China bad debt manager Huarong has mediocre start to Hong Kong trade

China's largest distressed-debt manager fizzled in its Hong Kong trading debut on Friday, with investors wary of the listing's tight liquidity in a sector that has disappointed in the past.

Shares in China Huarong Asset Management finished 0.64 per cent lower at HK$3.10 after the firm raised HK$17 billion in the market's largest initial public offering so far this year. The shares were already priced towards the bottom end of an earlier marketing range.

With more than 70 per cent of the free float allocated to mostly state-backed cornerstone investors, "people were questioning whether there was a P in the IPO", said Keith Pogson, financial-services senior partner at EY.

The unusually high percentage of cornerstones means those shares are locked up for at least six months, limiting daily trading volumes.
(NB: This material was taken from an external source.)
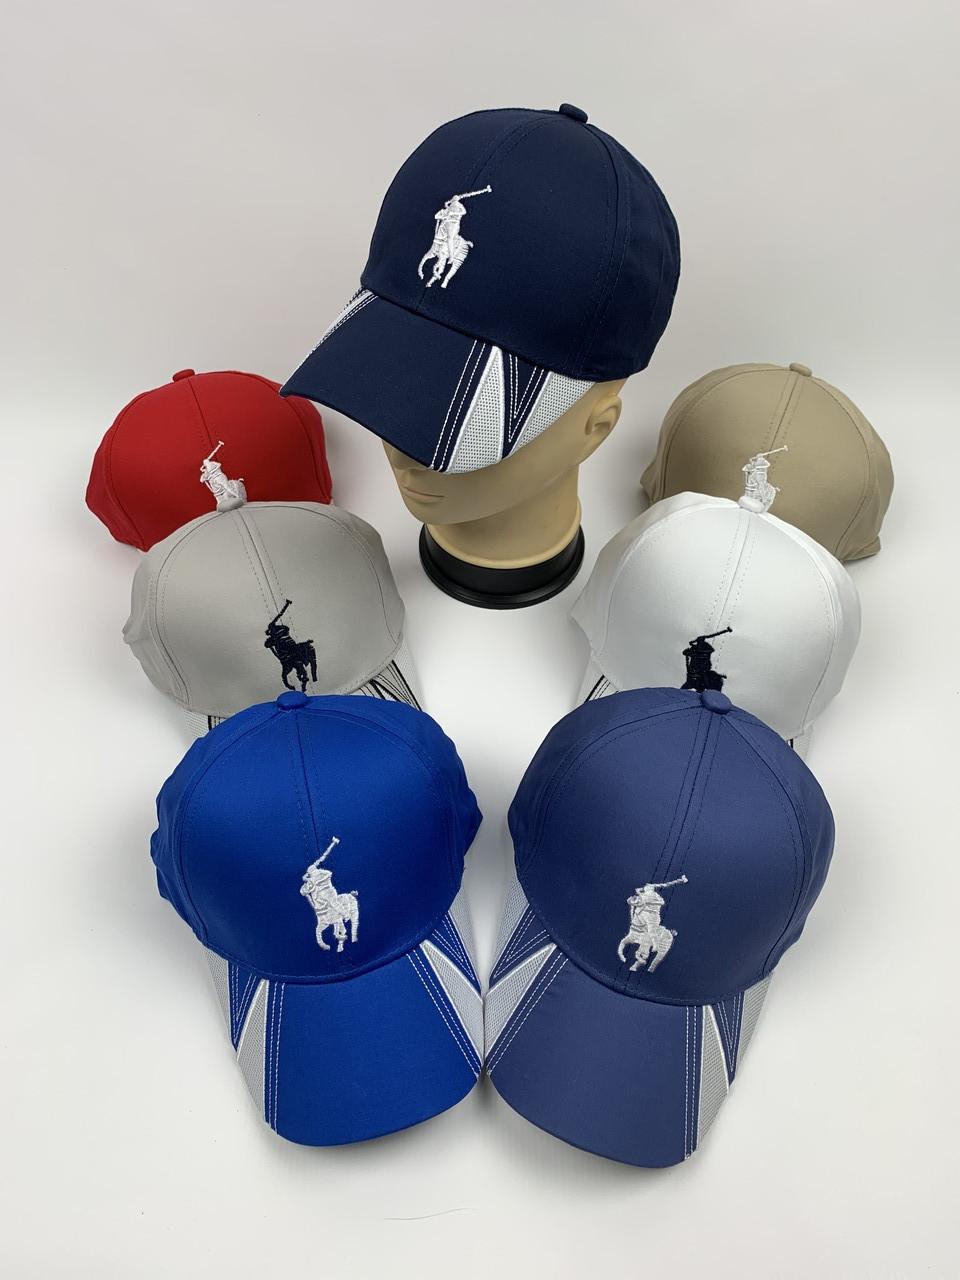 Детские кепки Polo для мальчиков оптом, р.54 (ktn2027)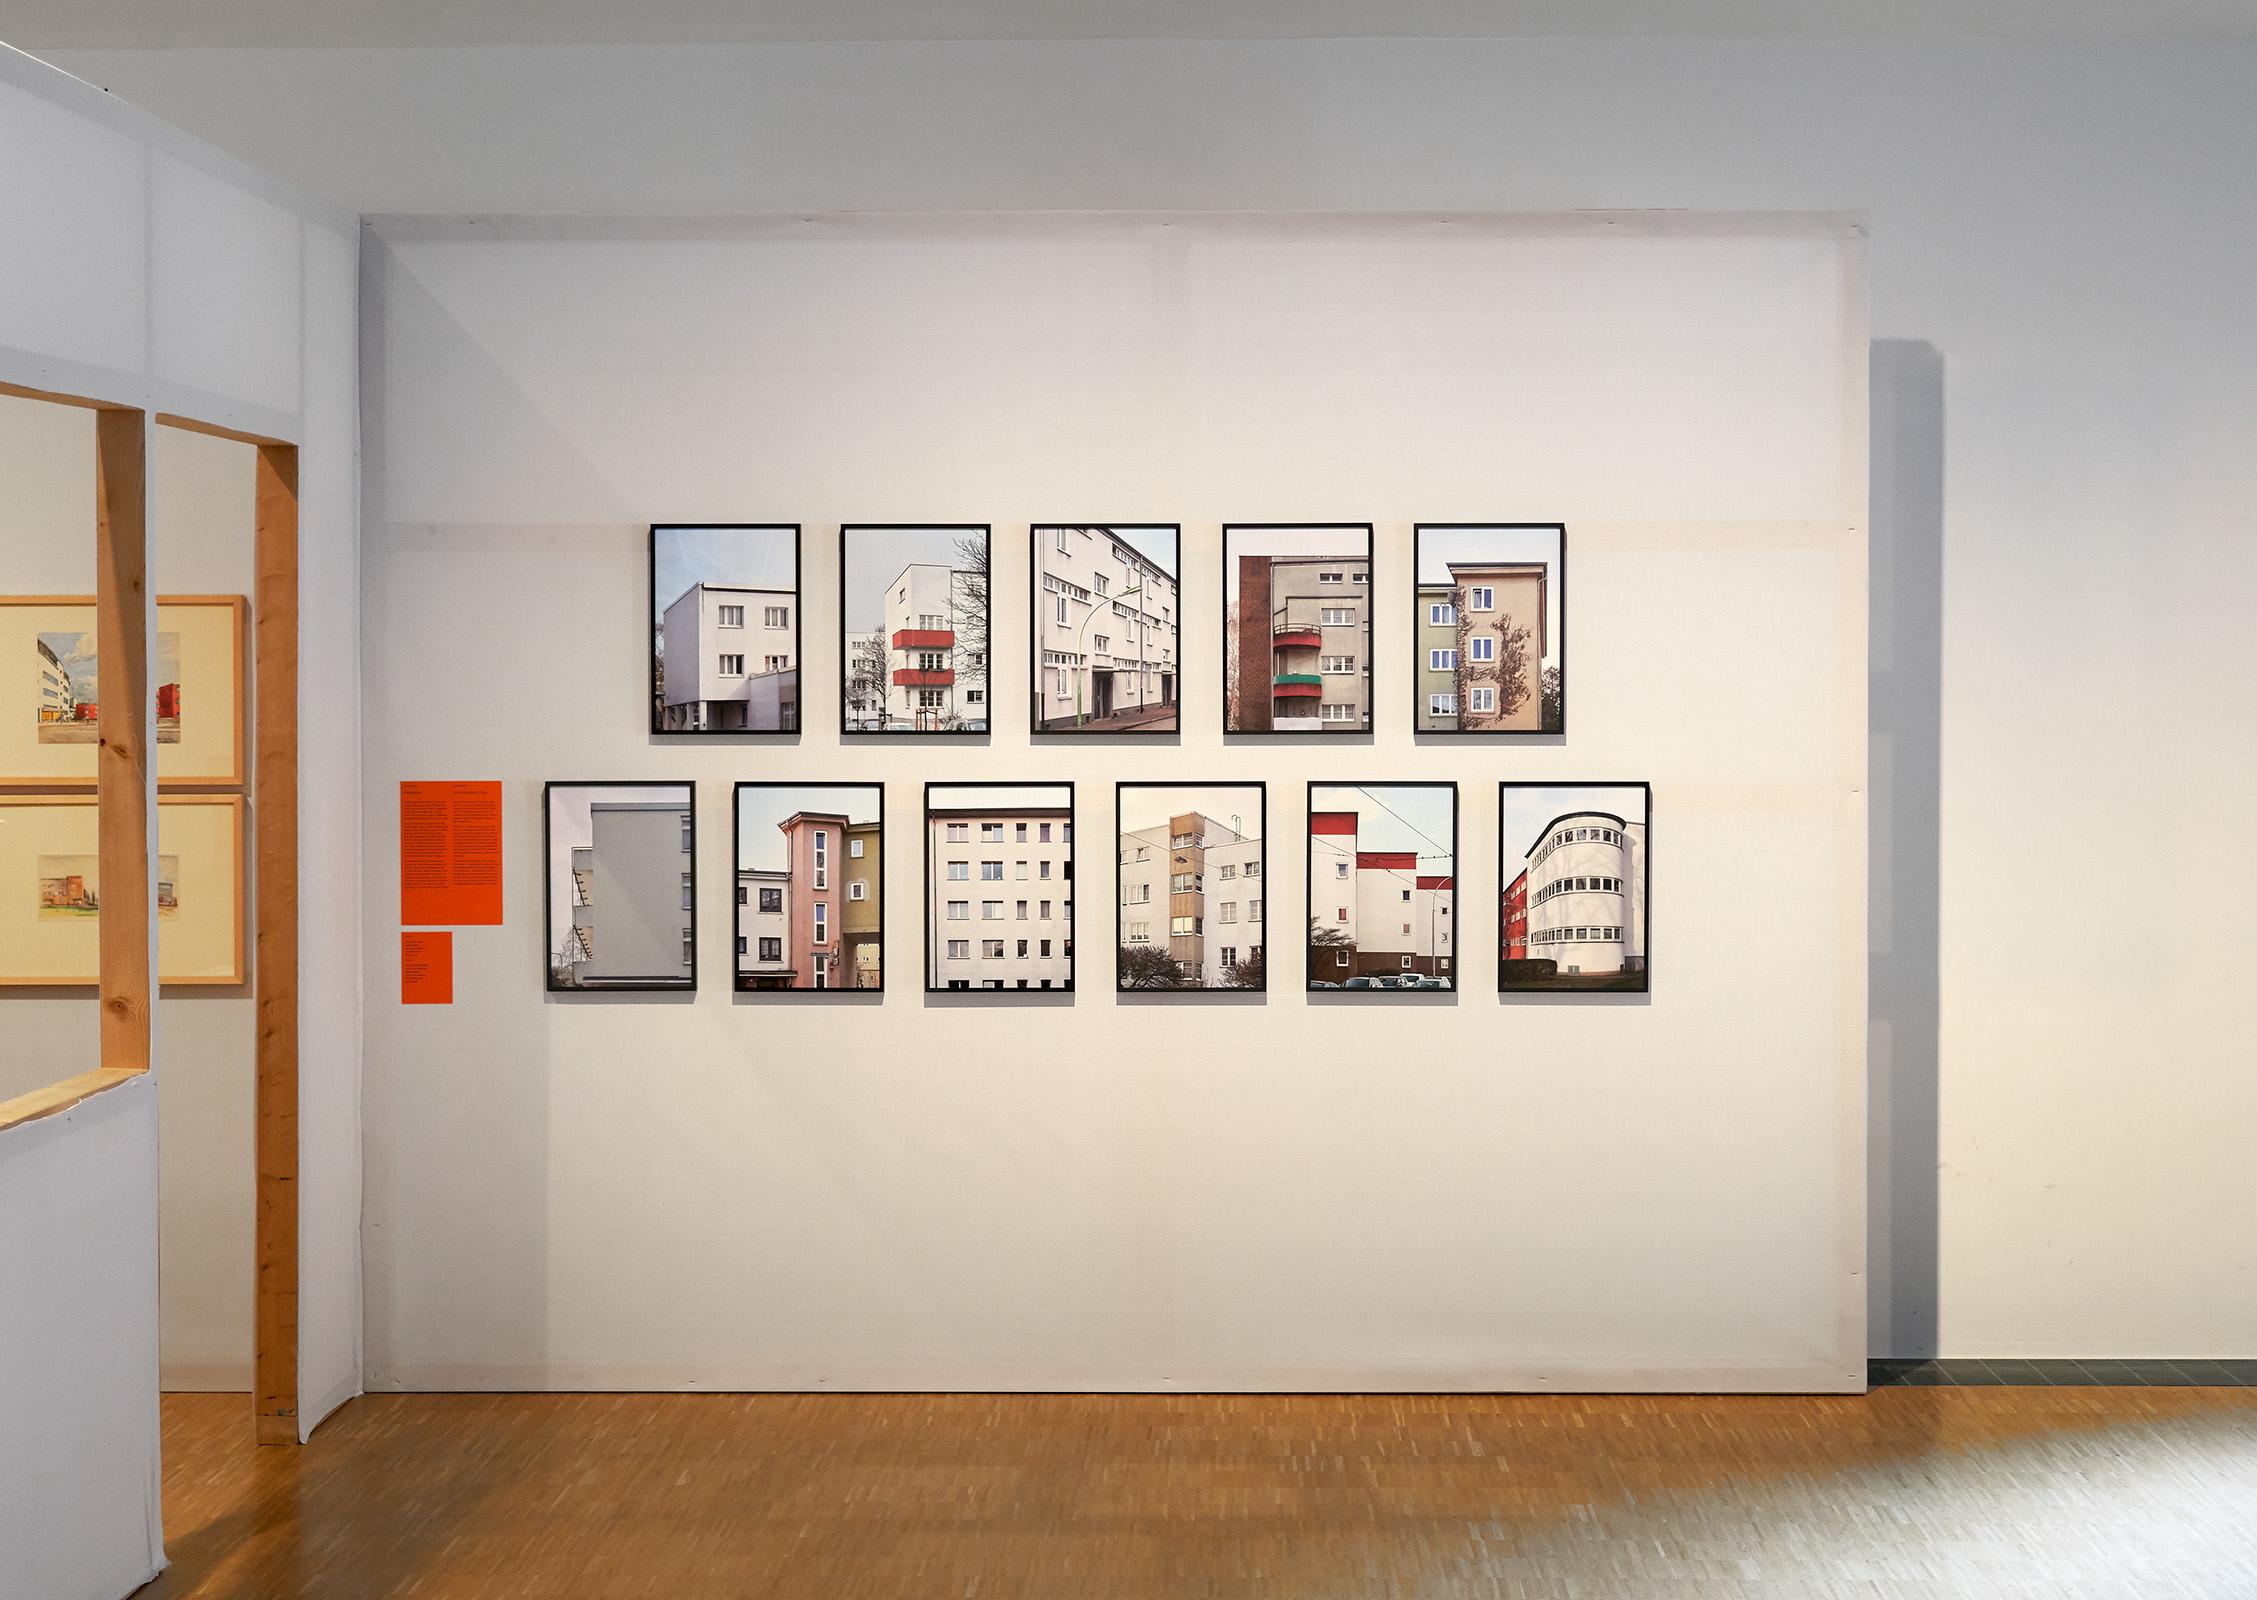 Freie Arbeit: Siedlungsbilder, 2019. Ausstellungsansicht im Historischen Museum Frankfurt am Main. Gruppenausstellung: Wie wohnen die Leute? 15. Mai – 13. Oktober 2019

Even so, there was "not going to be any surprise upside in the short term" for Huarong investors, who were likely looking for stable yield, Pogson said.

Huarong was one of four asset managers created by the Ministry of Finance in 1999 to offload heaps of bad debt from the country's commercial banks. For investors, such entities are sometimes seen as a hedge against banks; when loans sour and bank stocks are down, asset managers can snap up debt on the cheap.

Priced at 1.1 times book value, Huarong's offer price was also too expensive, said GEO Securities chief executive Francis Lun Sheung-nim, as investors questioned why they should pay a premium to rival China Cinda Asset Management, which listed two years ago. That stock has dropped more than 30 per cent since.

Analysts also expect more competition in the sector. Huarong chairman Lai Xiaomin recently said easy internet financing had led private banks and insurers to try to enter the asset management business.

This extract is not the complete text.